Ecco il futuro della Val di Susa, che ormai pare essere completamente fuori dallo stato di diritto, secondo la transizione ecologica del ministro Cingolani: una caserma a cielo aperto in piena Valle, anni di cantieri in cui saranno smosse terre che contengono materiale tossico a causa della vicina acciaieria Beltrame, materiali di scarto stoccati nei paesi vicini in vere e proprie fabbriche di inquinamento a cielo aperto, emissioni di CO2 ben sopra la norma consentita e il conseguente aumento delle malattie cardio-polmonari su tutto il territorio.
Tutto questo per fare l’occhiolino e stringere le mani sotto al banco alla politica del denaro, a scapito di tutti coloro che si trovano costretti a pagare i costi della crisi e che ogni giorno combattono per la propria sopravvivenza.
In questo modo si stanno andando ad allargare sempre di più le maglie della rete sociale in cui viviamo, mostrando in maniera sempre più lampante le differenze tra poveri e ricchi, tra chi può permettersi il lusso e la dignità di curarsi e vaccinarsi e chi invece è costretto ai margini senza possibilità di scelta.
Anni di tagli alla sanità pubblica e privatizzazione dei servizi, hanno portato a costituire questa condizione a tratti irreversibile in cui i piccoli territori sono costretti a delocalizzare i propri servizi sanitari verso poli più grossi che, conseguentemente, in questo momento hanno delle difficoltà di gestione elevatissime rispetto in particolare all’emergenza Covid-19.
Qui in Valsusa sono anni che subiamo il progetto regionale, portato avanti da tutte le giunte susseguitesi nei decenni, di depotenziamento della sanità locale, a partire dai piccoli ambulatori che sono costretti a chiudere arrivando poi al caso, più eclatante dell’ospedale di Susa.
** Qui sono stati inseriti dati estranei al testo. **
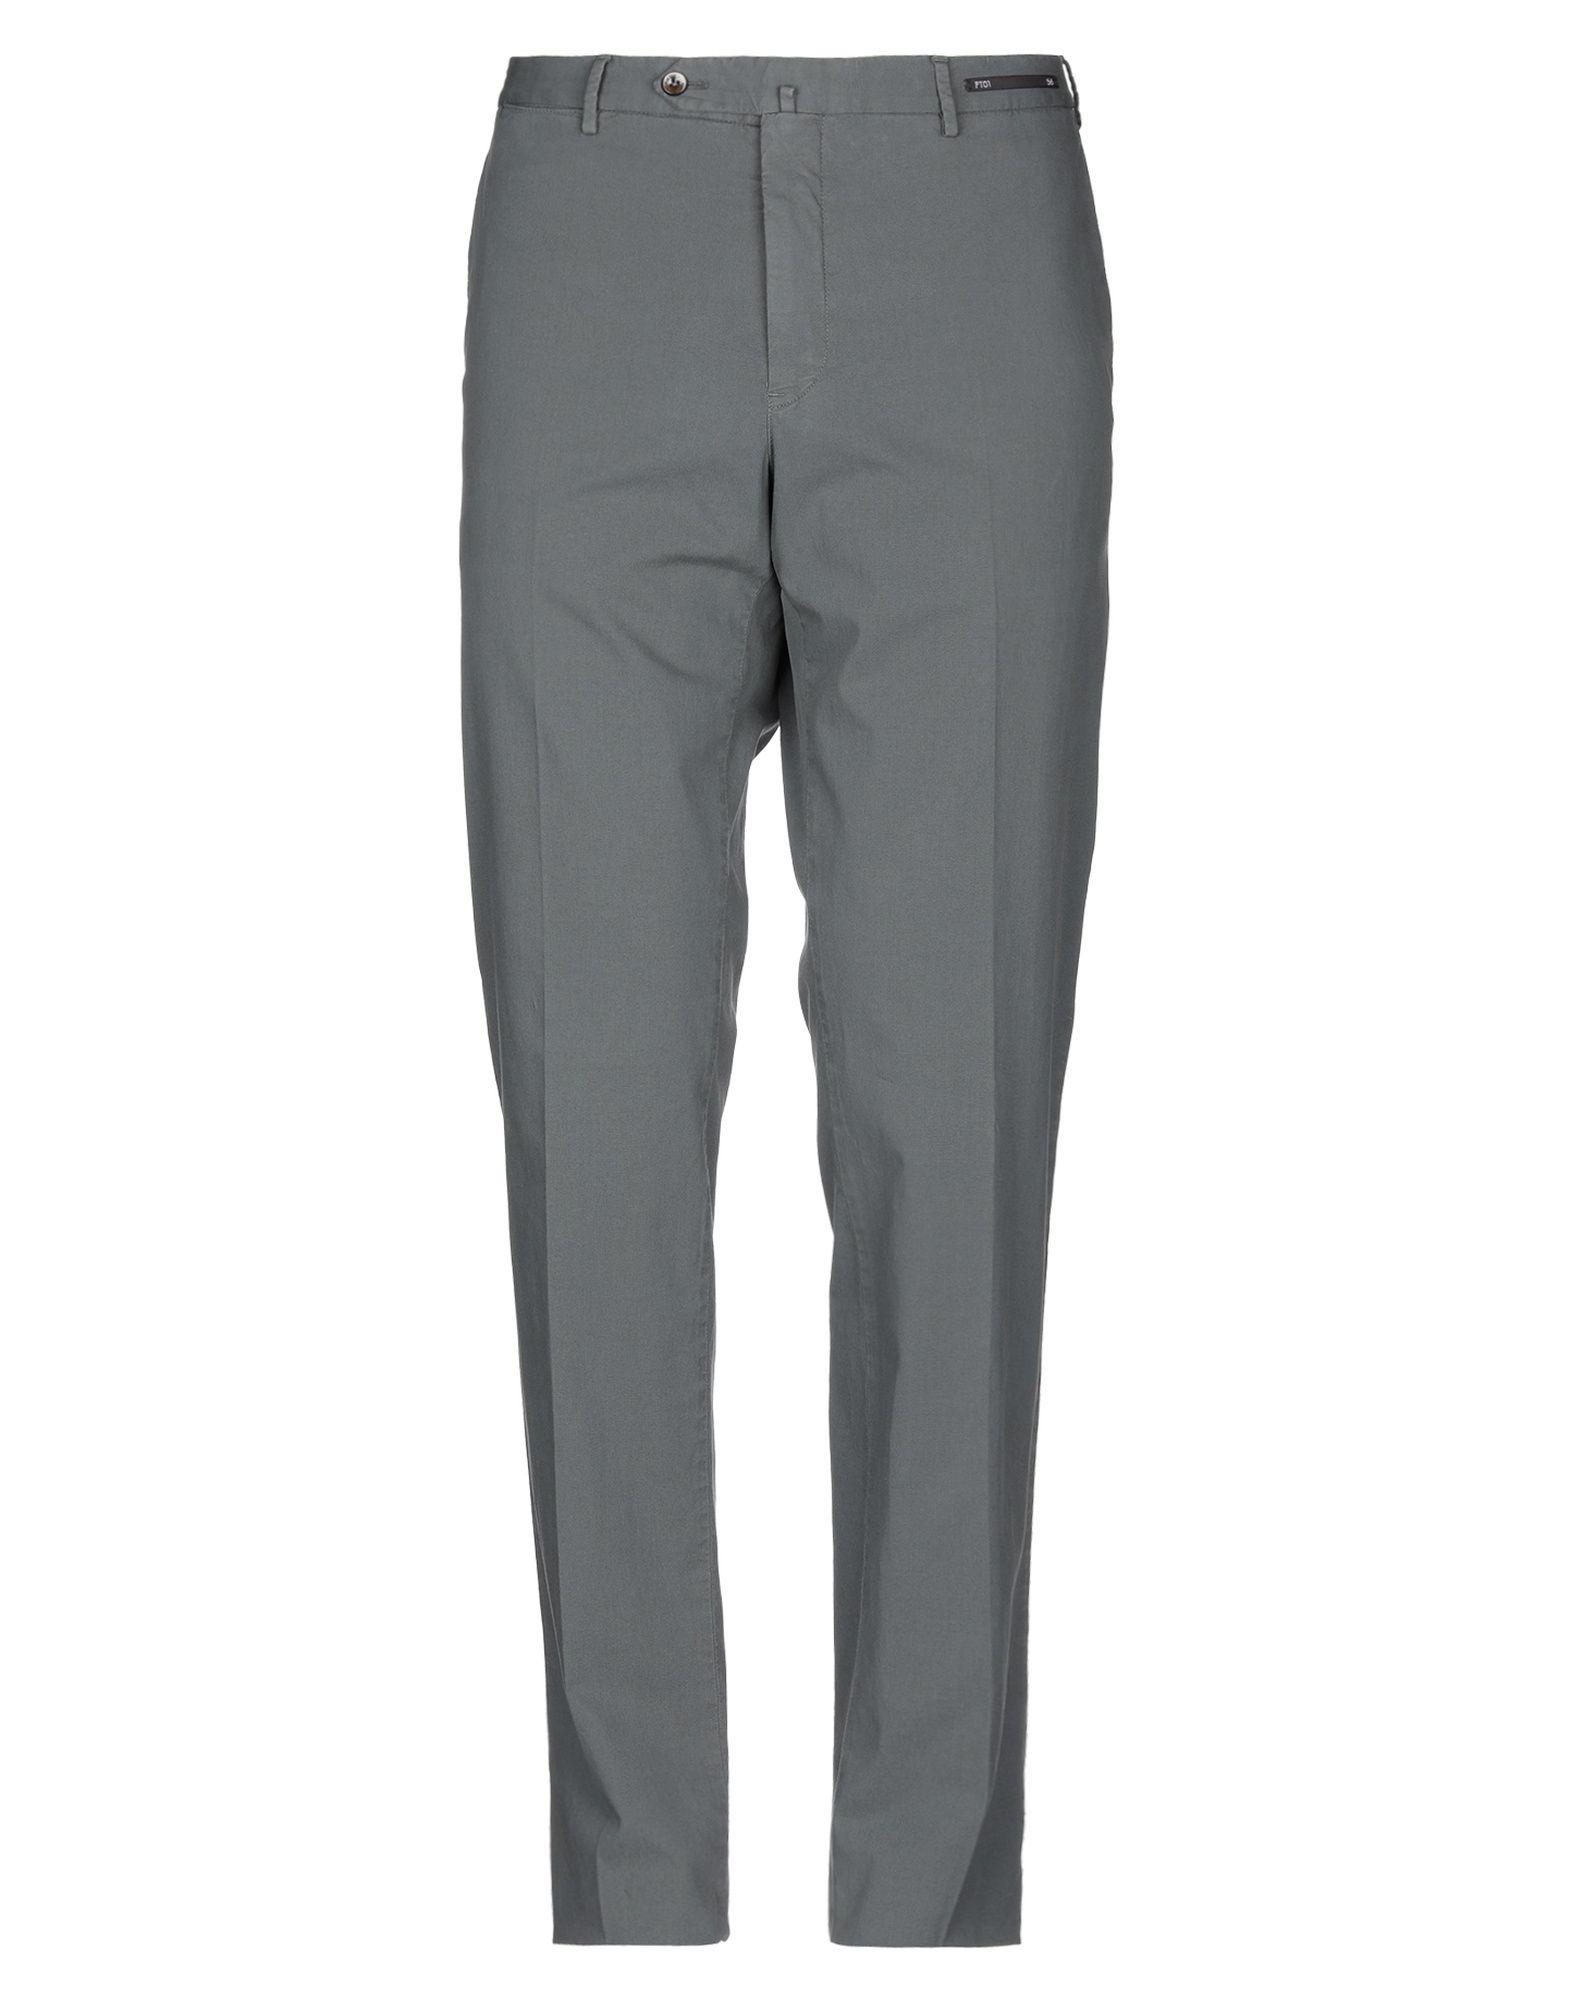 PT01 Повседневные брюки брюки чинос quelle quelle 920895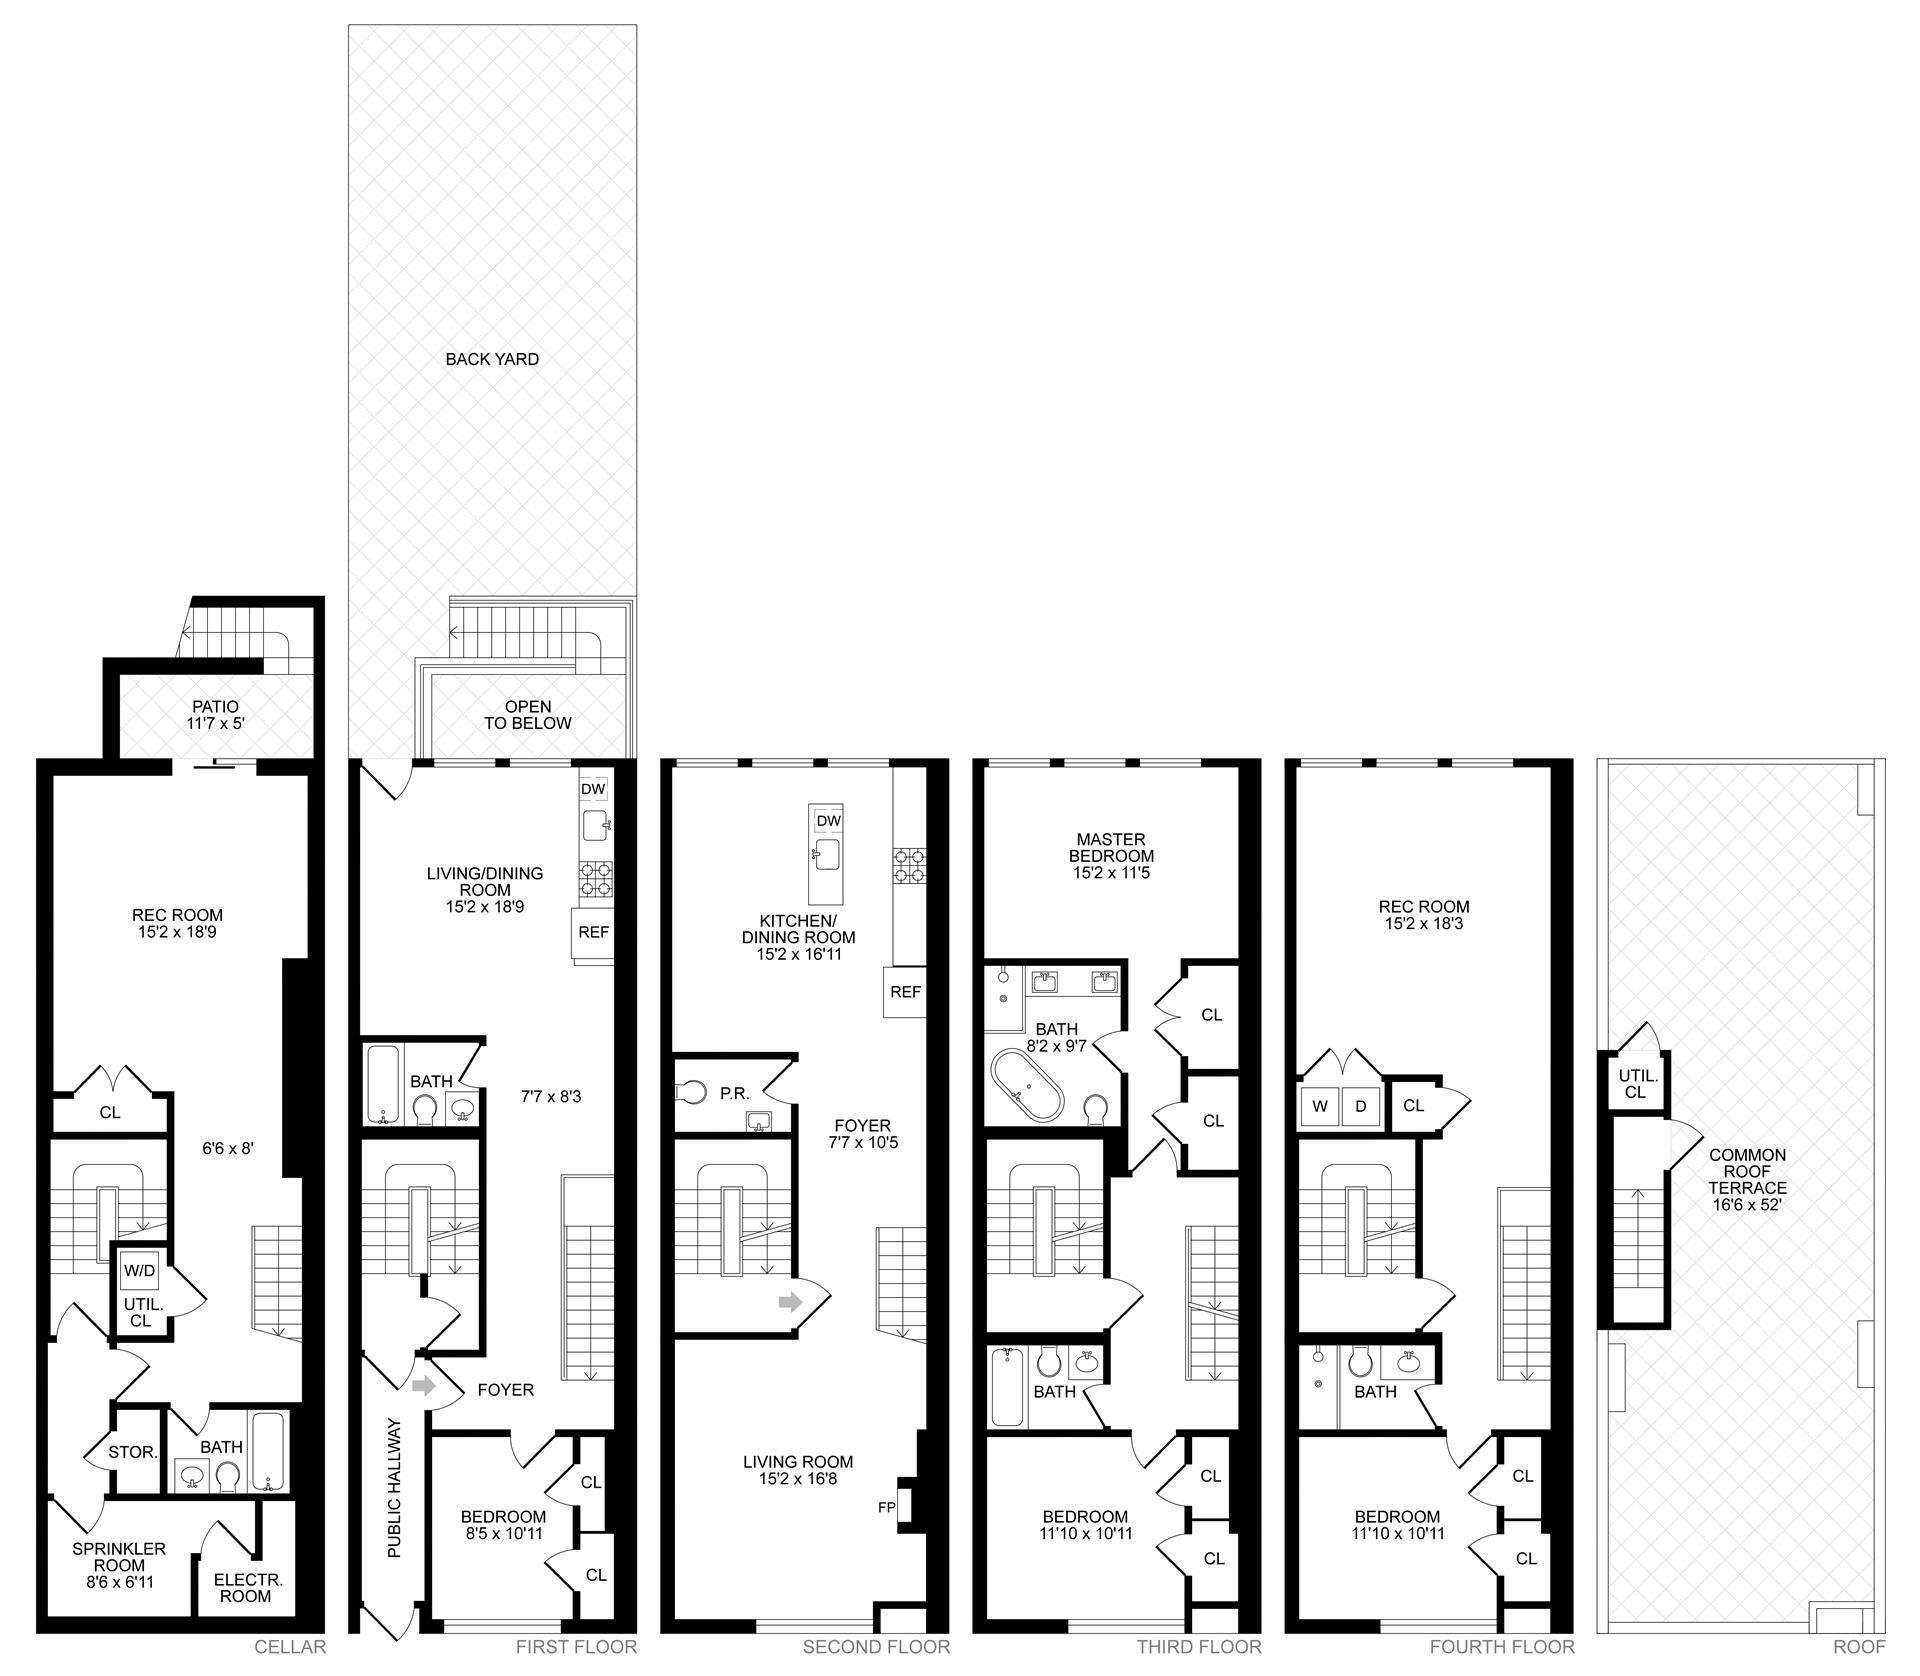 Floor plan of 72 Clifton Pl - Clinton Hill, New York

Polo importantissimo per tutto il territorio, in cui molti reparti sono stati tagliati, (uno su tutti quello della maternità) che ha, al momento, una gestione del quotidiano attraverso servizi ambulatoriali ma incapace di gestire le urgenze. E questo vale anche per i casi Covid che affliggono la Valle e che sono costretti ad essere trasferiti in altri ospedali perchè non ci sono i mezzi per fronteggiare questa epidemia.
Se fosse stata utilizzata anche solo metà dei soldi e dell’impegno sprecati per mettere in piedi questi cantieri e il sistema di controllo a loro dedicato, per impiegare più risorse nel sistema sanitario nazionale creando dei piani territoriali di sanità capillari, investendo su screening a tappeto e prevenzione, forse ad oggi, in piena pandemia mondiale, non saremmo a questo punto così critico.
Guardando con la lente di ingrandimento il caso della Val di Susa è chiaro quali siano le vere priorità dello Stato: non già la tutela e la salute dei propri cittadini e della Terra, ma la distruzione in nome di un potere che supera qualsiasi confine e condizione umana.
Oggi essere No Tav non vuol dire lottare semplicemente contro una grande opera inutile, ma vuol dire dimostrare che esiste un modo diverso per attraversare questo mondo, in cui le relazioni tra esseri umani e natura non siano di sopraffazione ma di convivenza per tutte e tutti.
Per questo il 1 maggio scenderemo in piazza, con la voglia di tornare a farlo anche con tutte e tutti i No Tav che ad oggi non potranno essere con noi a causa delle fortissime limitazioni delle proprie libertà personali.
Ci vediamo sabato mattina alle ore 9.30 ai due appuntamenti in Piazza Vittorio Veneto e in Piazza Castello!